Lying on back for a few minutes of solo playtime, it's all the difference in the world to have a few 5-10 minute moments to do some chores or make food or get myself dressed! My MW just told me that he'll stay that way for longer and be more comfortable if his body is slightly curled in and legs are bent, like this because it relaxes their tummy . . . it's working great for us.
AFM We just got home from a 4-day weekend trip . . . the baby was shockingly easy going, it was so great! We travel to this area mostly just to eat, and normally go out for a long relaxed dinner each night but with the baby we did lunches instead and he was so chilled. I put him in the woven wrap and we'd walk around for a few minutes before each meal, he'd fall asleep and then sleep through the entire meal in the wrap, SIX TIMES (over four days) without even a peep. DH has declared himself 'completely sold' on the woven wrap, babywearing, attachment parenting and anything else 'crunchy'. lol. He even took a bunch of babywearing photos of me, haha. (I'll post in babywearing once they're downloaded.) He calls it babycarrying and was so enthusiastic. He wore the baby this morning while I got my hair cut :) It was really nice to have four days of just the three of us with no distractions, it really helped him understand some of the babycare basics (babywearing, nursing, winding down before bed) much better and has bonded him to the baby more too. The baby has started smiling and he gave me two big smiles at breakfast and I got all teared up, I turned to tell DH and he'd been watching and was also teary-eyed. :)

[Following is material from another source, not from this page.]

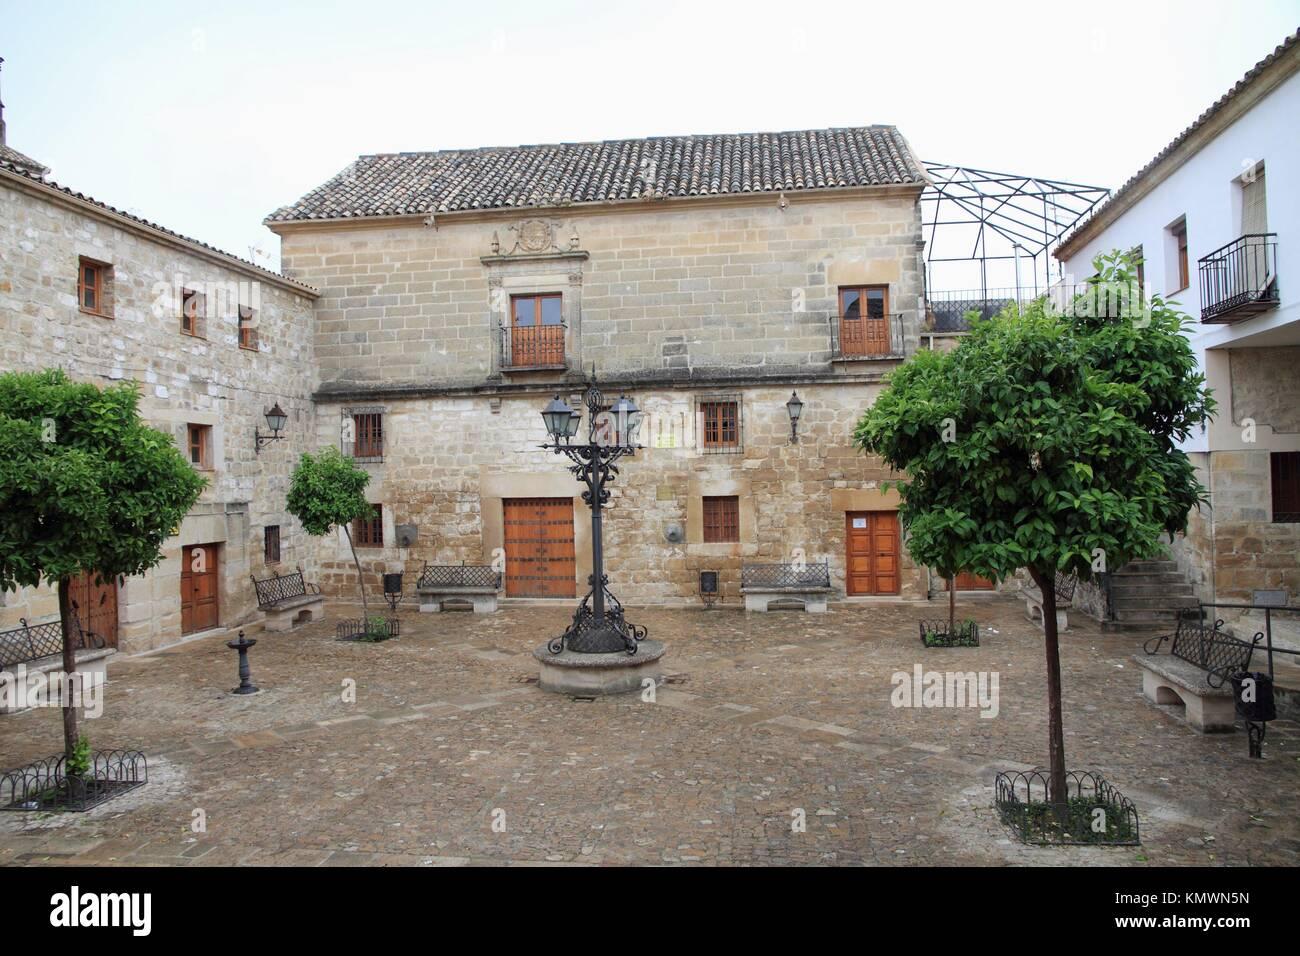 Street  Úbeda  Jaén province  Spain - Stock Image

Cloth vs Disposable diapers, I never thought I'd be so happy to get back to my cloth diapers after using disposables for four days. I can't tell you how many times we got the poo up the back and onto the onesie - grrrrrrrr. That has never once happened with my cloth diapers, pee leaks yes but poo! no way. And the wipes left DS with a very pink bum, we had to rinse a wipe each time and use it last to kind of rinse the soap from the wipes off his skin. And that was with natural/eco diapers and wipes.
Hope everyone has a great week and keeps posting!